As a young woman named Lindsay Early, of the Comanche Nation in Oklahoma, who earlier this year wrote me a letter to tell me she was actually at a campaign speech I gave in Texas way back in 2008, where I pledged that I’d do my best to represent Native Americans. And Lindsay said in her letter that when she heard my pledge to her people, in the middle of my speech, she screamed as loud as she could from the balcony. And, look, if you’re President and somebody screams, that can mean many things, usually. (Laughter.) Sometimes it’s good, sometimes it’s not so good. But, according to Lindsay, it was good. And I answered back, I hear you girls, and when I’m elected I won’t forget you.

Well, eight years later, Lindsay’s gone on to accomplish some pretty remarkable things. She was raised by a single mom, like me, and didn’t have a lot of money or obvious advantages in life, but she earned a scholarship and graduated from college. Moved back home to help her mom care for her 92-year-old grandmother. She took a job developing a new assisted-living facility, owned and operated by the Comanche Nation. And after that opened, she joined Teach for America. And now she teaches kindergartens in her community by day, and Native America history to students at a tribal college at night. (Applause.)
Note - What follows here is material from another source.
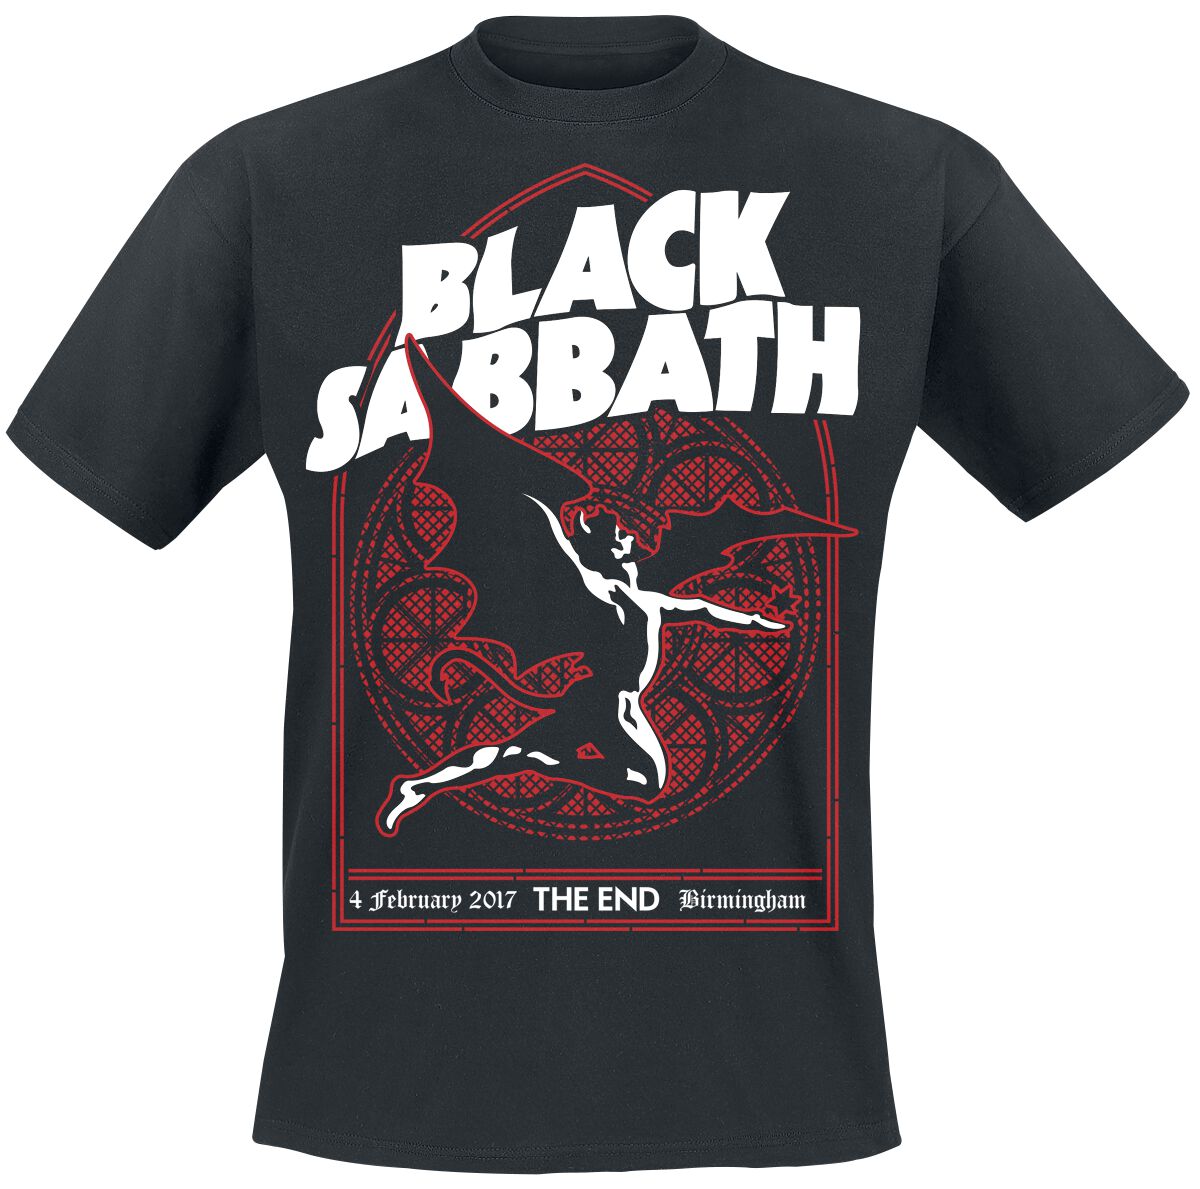 Black Sabbath T-Shirt - The End Church Window - M bis XXL - für Männer - Größe L - schwarz  - Lizenziertes Merchandise!

So this is a young woman who knows the meaning of giving back. (Applause.) And her whole life, people told her how smart she was and that someday she'd go off into the world and make big changes. But in school, she came to a realization, and here's what she said: “It was not ‘going off’ that would make Indian Country better, but returning with education and with the insight education brings…my students have a sense of pride in them about who they are as indigenous individuals…more than anything, they realize they are in control of their own destinies -– and that’s such a powerful thing to experience.”

So you listen to somebody like Lindsay, who understands she's in charge of her own destiny and is now able to transmit that to the next generation, and how can you not be optimistic about this country's future? How can you not be optimistic about the future of all of the nations represented here?

And Lindsay, I want you to know that I heard you. I didn't forget you. And I want everybody in this auditorium and all the folks back home in your respective communities to know that this whole time, I've heard you. I have seen you. And I hope I've done right by you. (Applause.) And I hope I've set a direction that others will follow. (Applause.)

I hope I set a direction that others then follow, and I hope I've given more of our young people, like Lindsay and her students, that sense of hope and that sense of what an incredible gift they are to this country, and that they're in control of their own destinies, and that they're going to help shape the future of the United States of America.

Thank you all for your partnership. Thank you for this journey. (Applause.)

I'll see you on the other side. May God bless you. God bless the United States of America. (Applause.)